[Given material]:
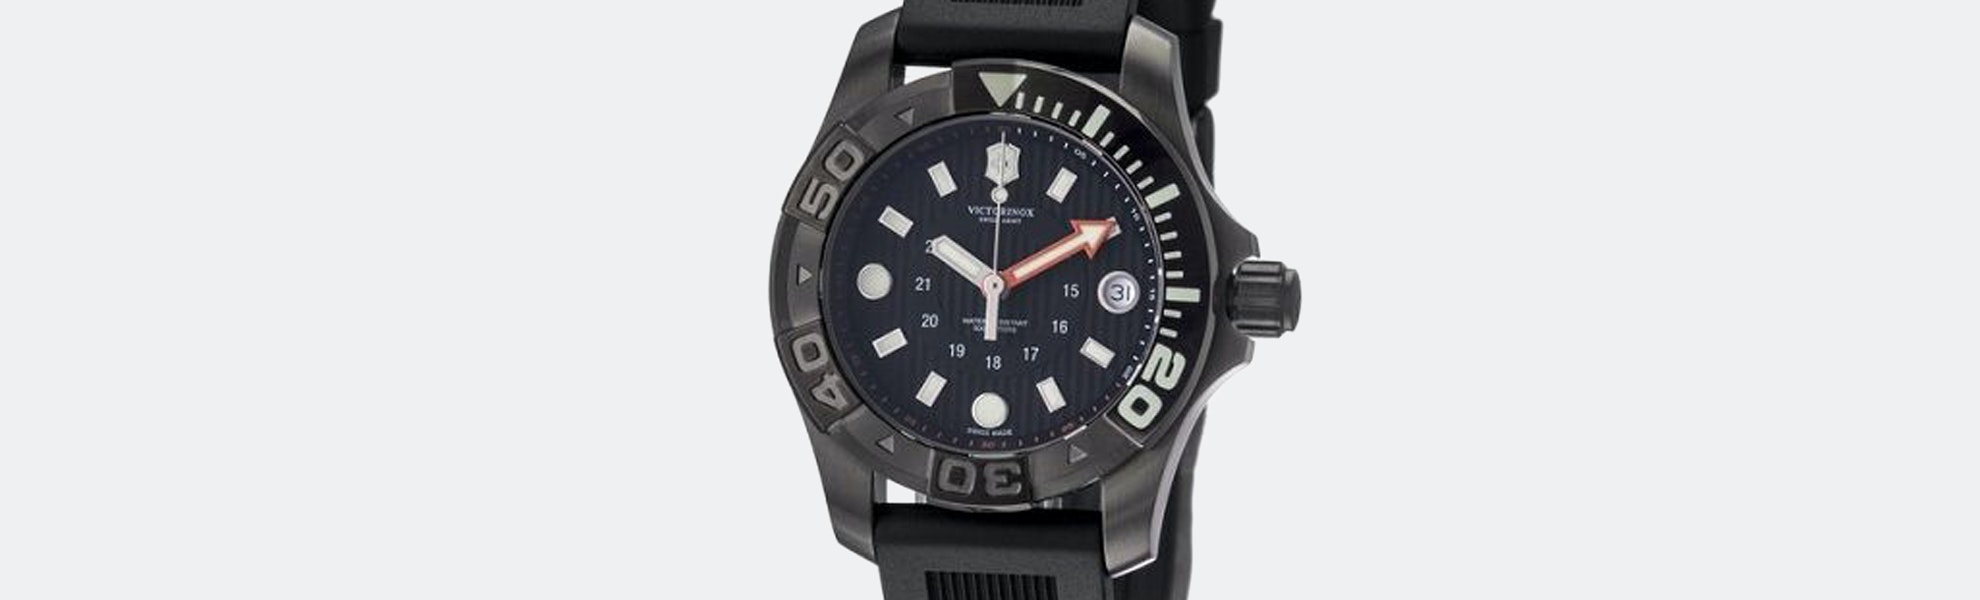 Victorinox Dive Master 500 Mid-Size Quartz Watch
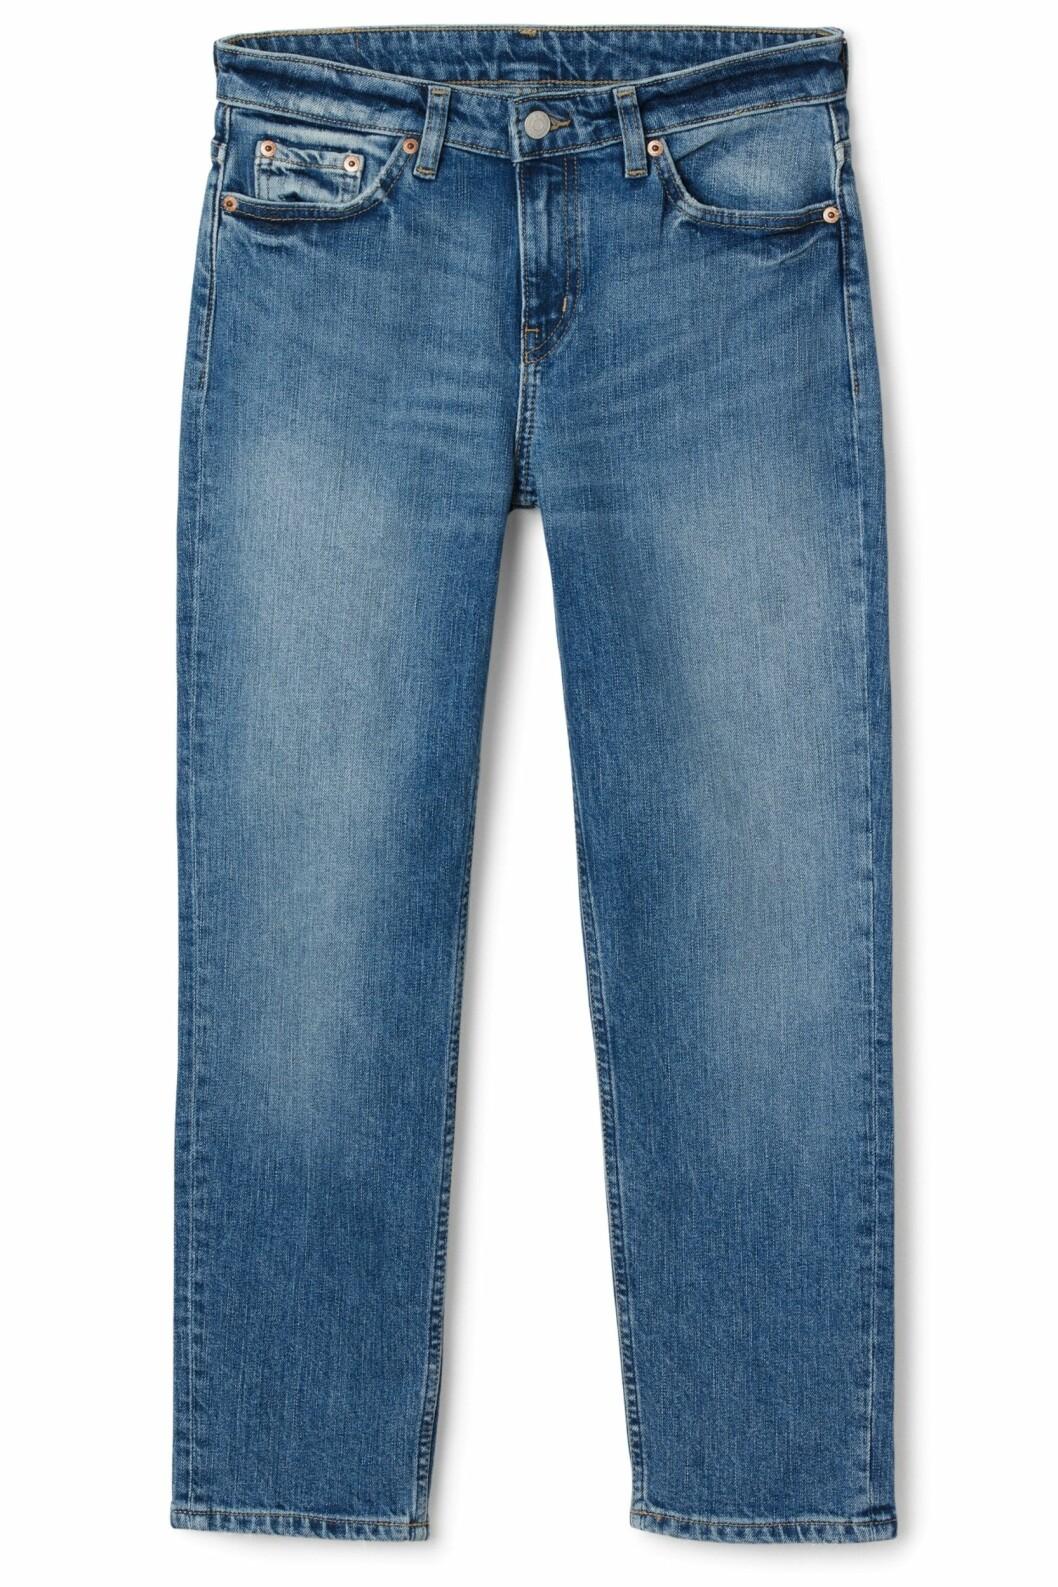 Jeans fra Weekday, kr 500. Foto: Produsenten
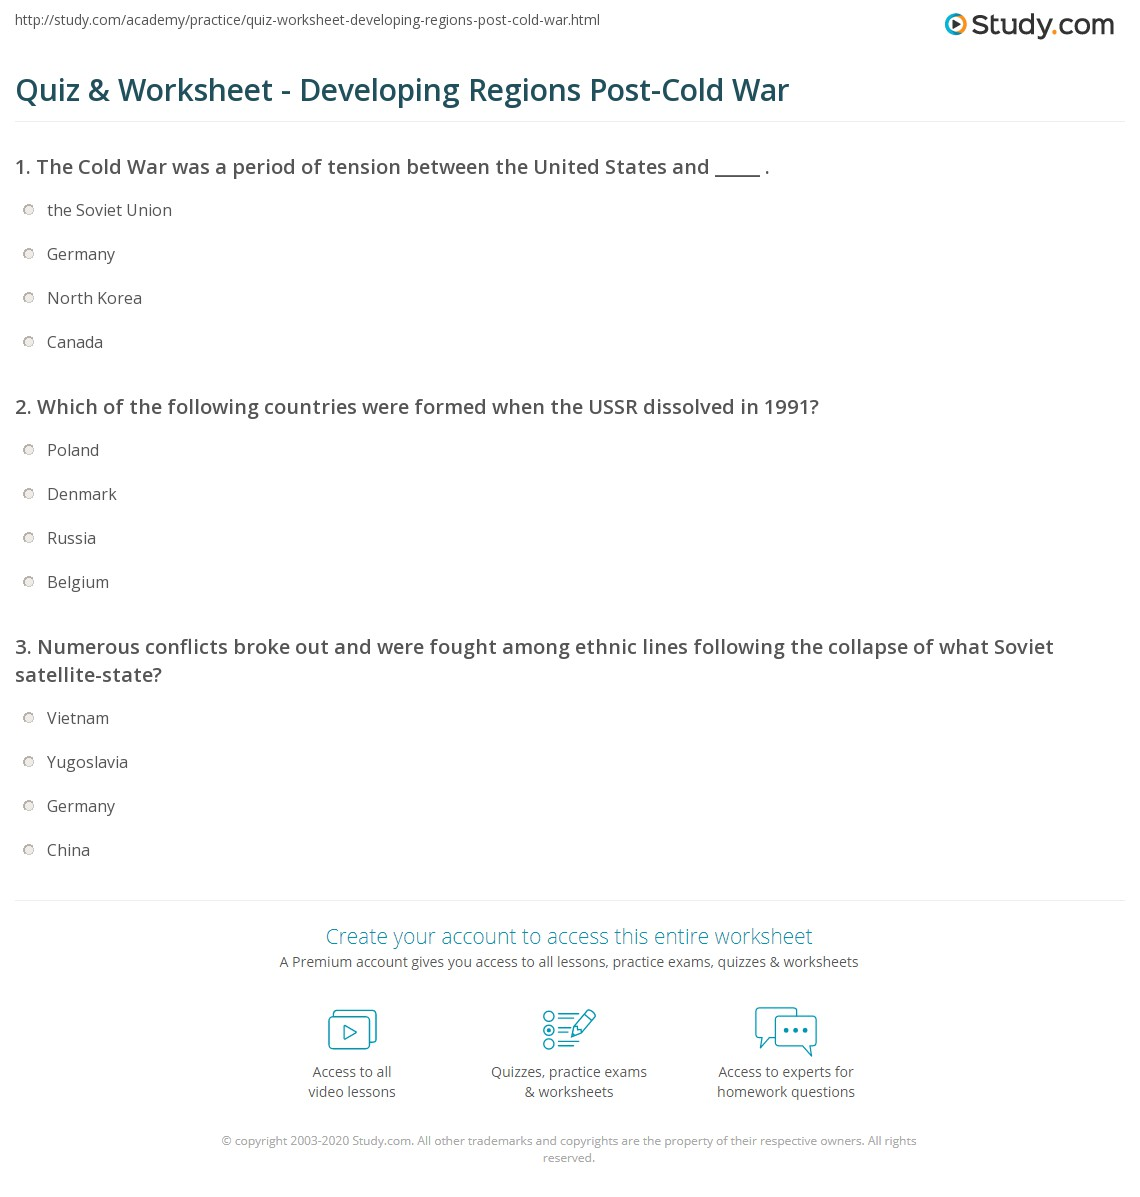 quiz worksheet developing regions post cold war study com rh study com Cold War 5th Grade Study Guide Cold War Study Notes
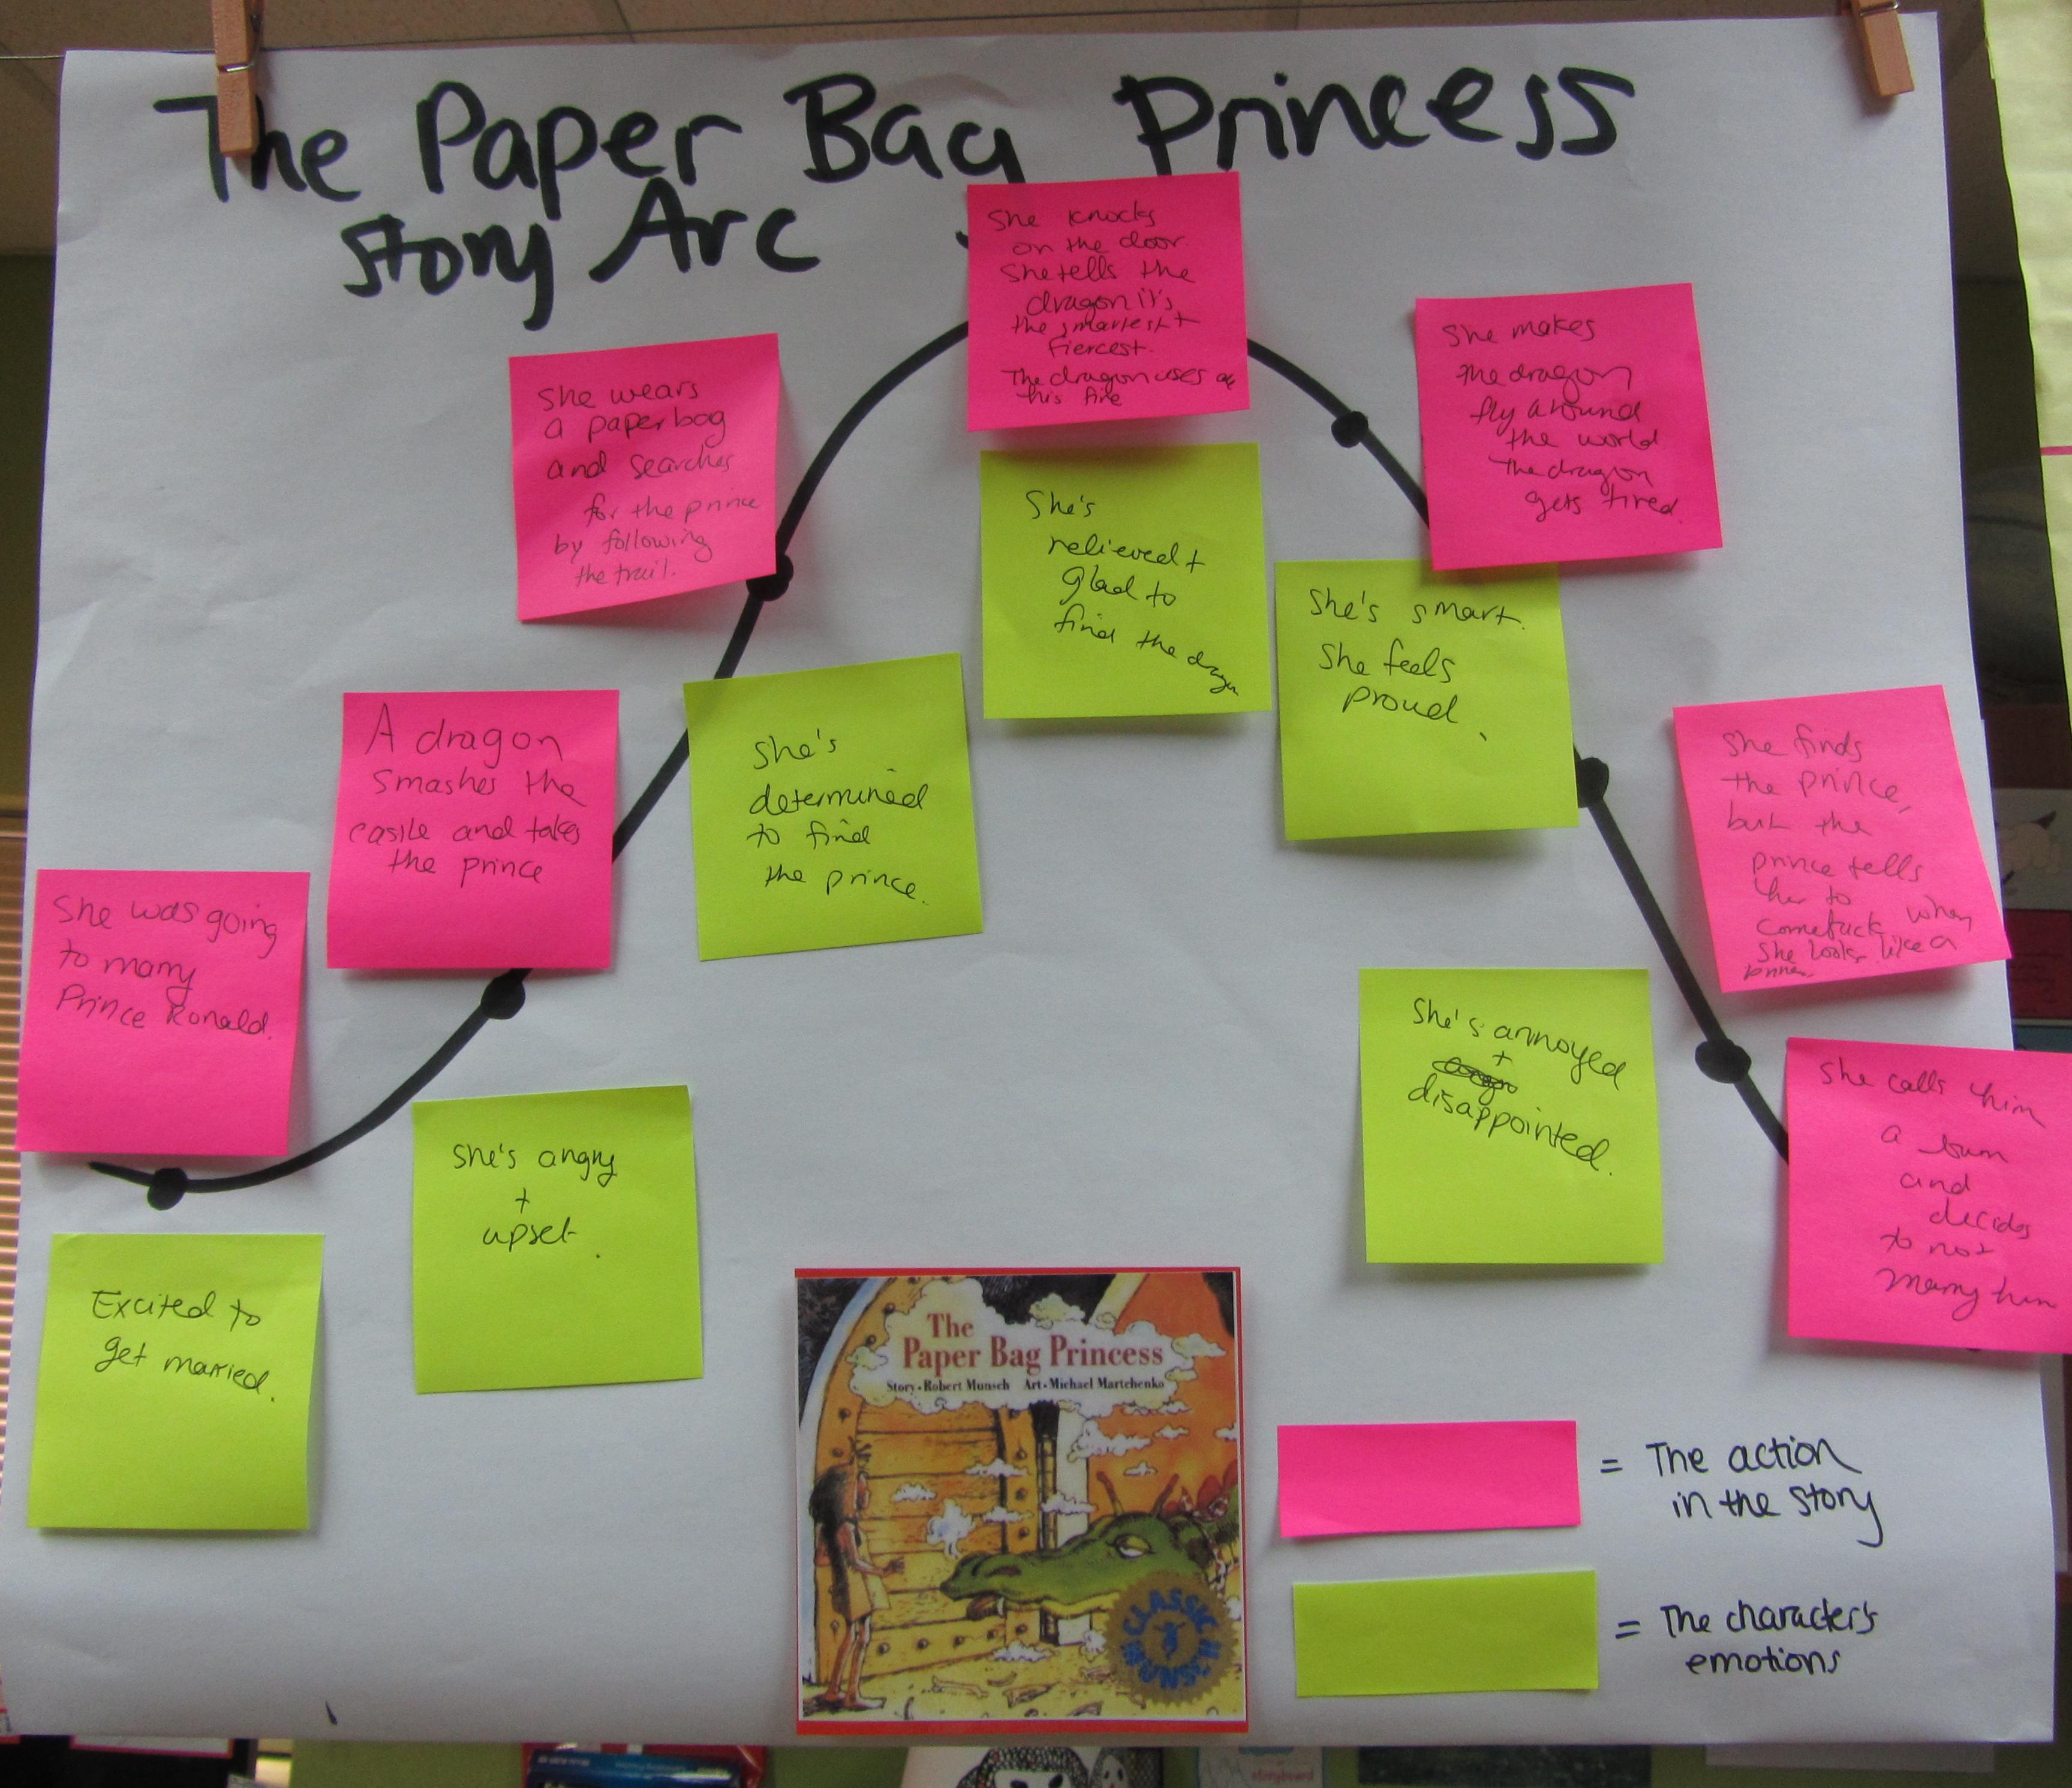 The Princess Process Essay

[Exercise prompt]: Excluding pictures, reproduce the listing above exactly as it stands.

[Task answer]:
 Victorinox Dive Master 500 Mid-Size Quartz Watch
 Jeans fra Weekday, kr 500. Foto: Produsenten
 quiz worksheet developing regions post cold war study com rh study com Cold War 5th Grade Study Guide Cold War Study Notes
 The Princess Process Essay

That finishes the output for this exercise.